It is also possible to take a more principled approach to the statistics of n-grams, modeling similarity as the likelihood that two strings came from the same source directly in terms of a problem in Bayesian inference.

Other applications

n-grams find use in several areas of computer science, computational linguistics, and applied mathematics.

They have been used to:

design kernels that allow machine learning algorithms such as support vector machines to learn from string data

find likely candidates for the correct spelling of a misspelled word

improve compression in compression algorithms where a small area of data requires n-grams of greater length

assess the probability of a given word sequence appearing in text of a language of interest in pattern recognition systems, speech recognition, OCR (optical character recognition), Intelligent Character Recognition (ICR), machine translation and similar applications

improve retrieval in information retrieval systems when it is hoped to find similar "documents" (a term for which the conventional meaning is sometimes stretched, depending on the data set) given a single query document and a database of reference documents

improve retrieval performance in genetic sequence analysis as in the BLAST family of programs

identify the language a text is in or the species a small sequence of DNA was taken from

predict letters or words at random in order to create text, as in the dissociated press algorithm.

Bias-versus-variance trade-off

What goes into picking the n for the n-gram?

Smoothing techniques

There are problems of balance weight between infrequent grams (for example, if a proper name appeared in the training data) and frequent grams. Also, items not seen in the training data will be given a probability of 0.0 without smoothing. For unseen but plausible data from a sample, one can introduce pseudocounts. Pseudocounts are generally motivated on Bayesian grounds.

In practice it is necessary to smooth the probability distributions by also assigning non-zero probabilities to unseen words or n-grams. The reason is that models derived directly from the n-gram frequency counts have severe problems when confronted with any n-grams that have not explicitly been seen before -- the zero-frequency problem. Various smoothing methods are used, from simple "add-one" smoothing (assign a count of 1 to unseen n-grams; see Rule of succession) to more sophisticated models, such as Good-Turing discounting or back-off models. Some of these methods are equivalent to assigning a prior distribution to the probabilities of the N-grams and using Bayesian inference to compute the resulting posterior N-gram probabilities. However, the more sophisticated smoothing models were typically not derived in this fashion, but instead through independent considerations.

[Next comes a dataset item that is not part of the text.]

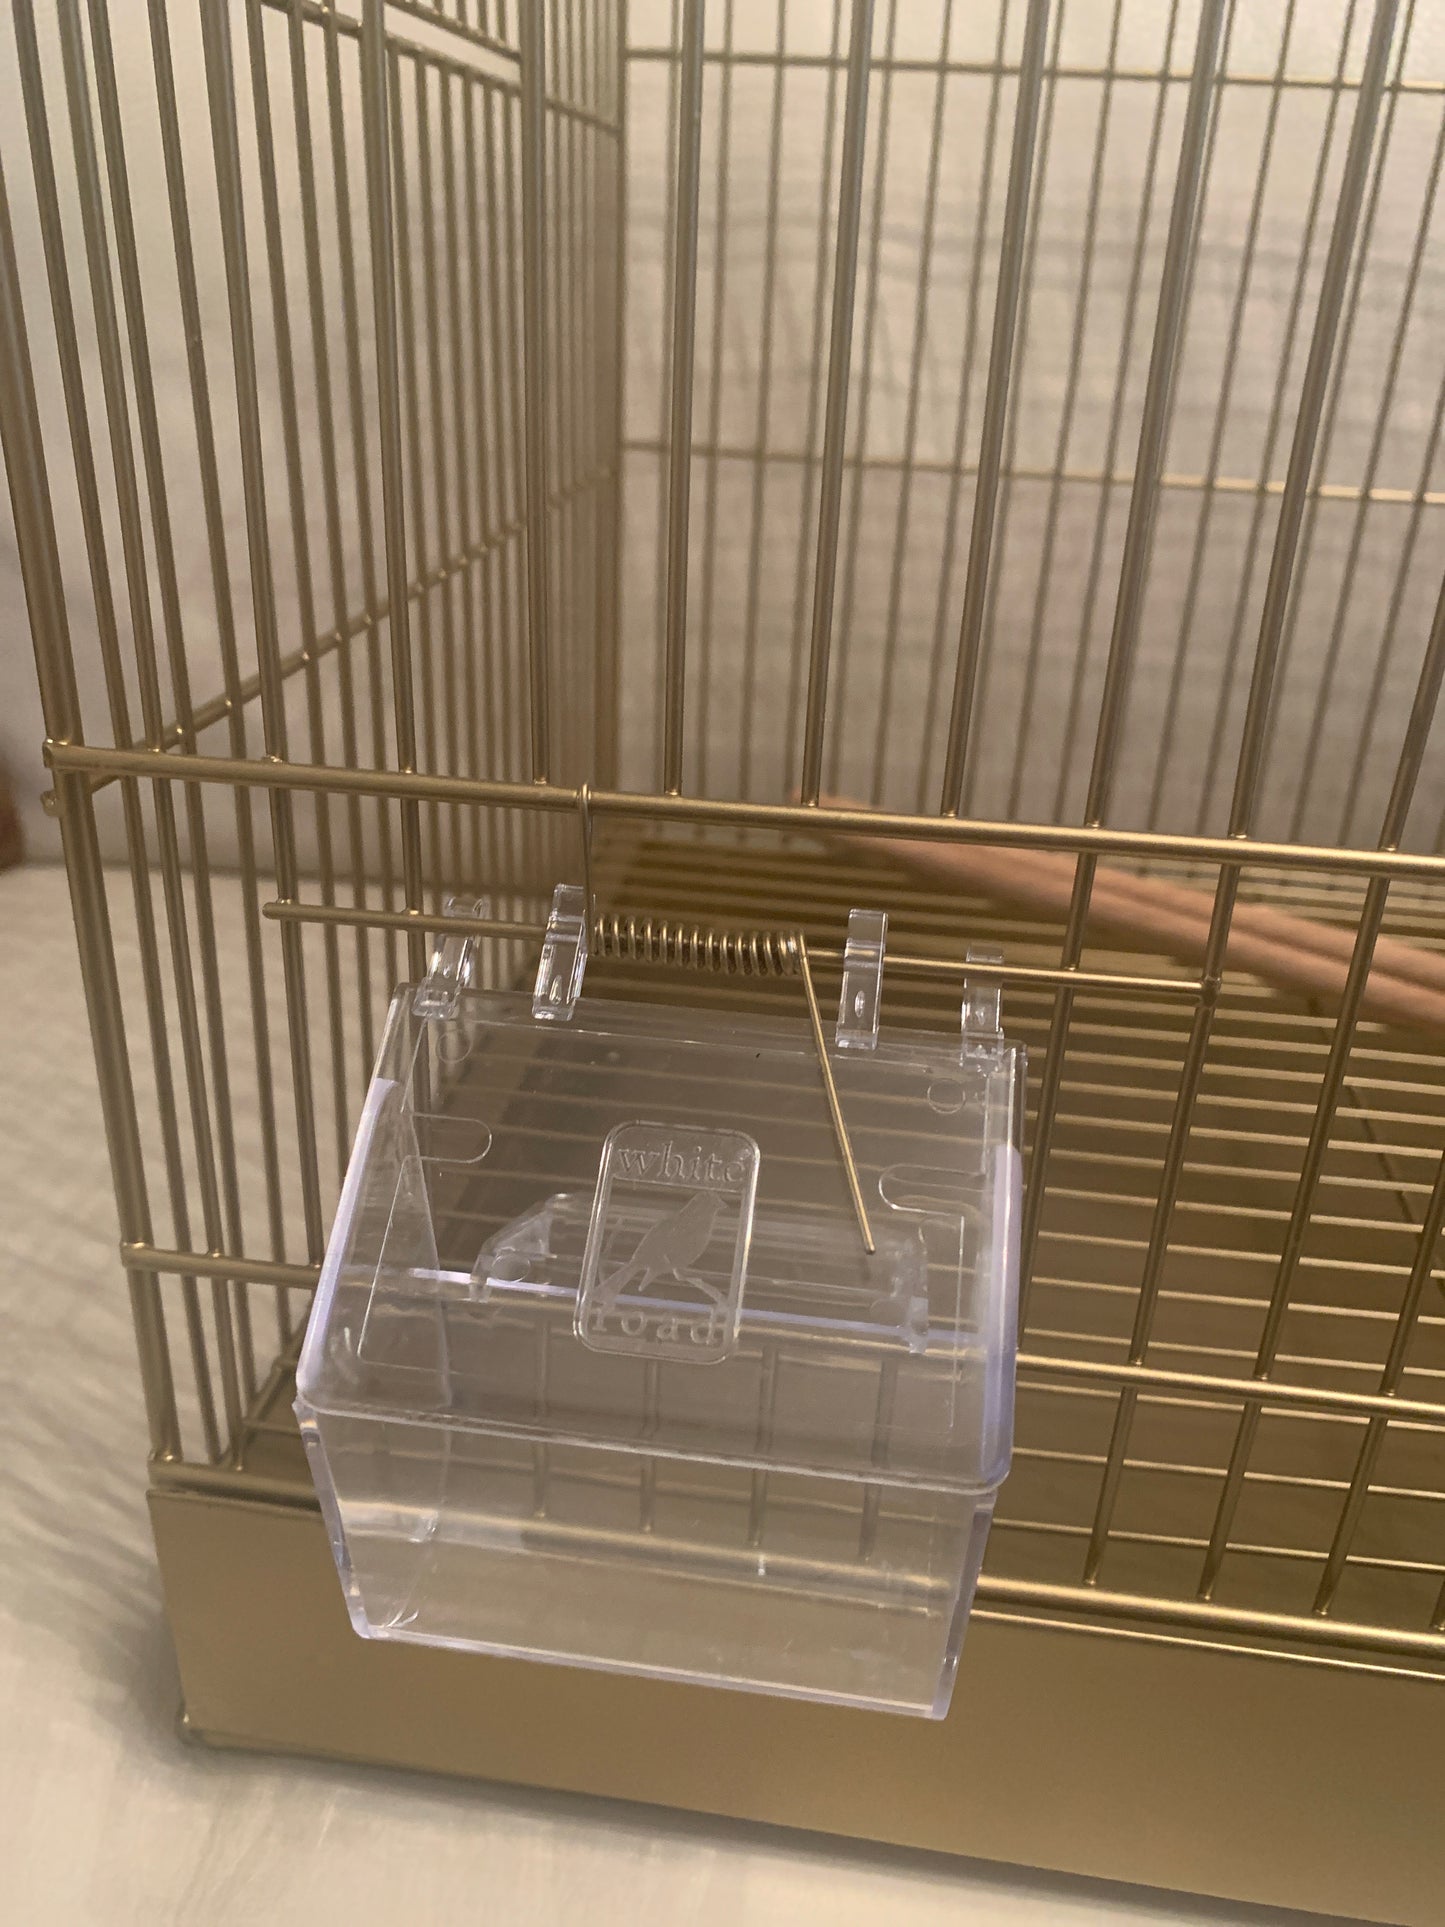 110cm  Gold Metal Double Breeder Bird Cage with Gold Metal Tray includes 8 Feeders & 4 wooden perches Size 110cm x 35cm x 42cm.

Linear interpolation (e.g., taking the weighted mean of the unigram, bigram, and trigram)

Good-Turing discounting

Witten-Bell discounting

Lidstone's smoothing

Katz's back-off model (trigram)

See also

Hidden Markov model

Trigram, Bigram

n-tuple

k-mer

String Kernel

References

^ http://googleresearch.blogspot.com/2006/08/all-our-n-gram-are-belong-to-you.html

Bibliography

Christopher D. Manning, Hinrich Schütze, Foundations of Statistical Natural Language Processing, MIT Press: 1999. ISBN 0-262-13360-1.

Ted Dunning, Statistical Identification of Language. Computing Research Laboratory Memorandum (1994) MCCS-94-273.

Owen White, Ted Dunning, Granger Sutton, Mark Adams, J.Craig Venter, and Chris Fields. A quality control algorithm for dna sequencing projects. Nucleic Acids Research, 21(16):3829—3838, 1993.

Frederick J. Damerau, Markov Models and Linguistic Theory. Mouton. The Hague, 1971.

External links

Google's ngram viewer and web n-grams database (September 2006)

Microsoft's web n-grams service

Peachnote's music ngram viewer

Google n-gram Information Extracter

Two visualizations of Google's n-gram dataset: Word Association, Word Spectrum.

Dunning, T. (1994) "Statistical Identification of Language". Technical Report MCCS 94-273, New Mexico State University, 1994. N-gram language identification algorithm [1] (language identification)

Ngram Statistics Package, open source package to identify statistically significant Ngrams

Stochastic Language Models (N-Gram) Specification (W3C)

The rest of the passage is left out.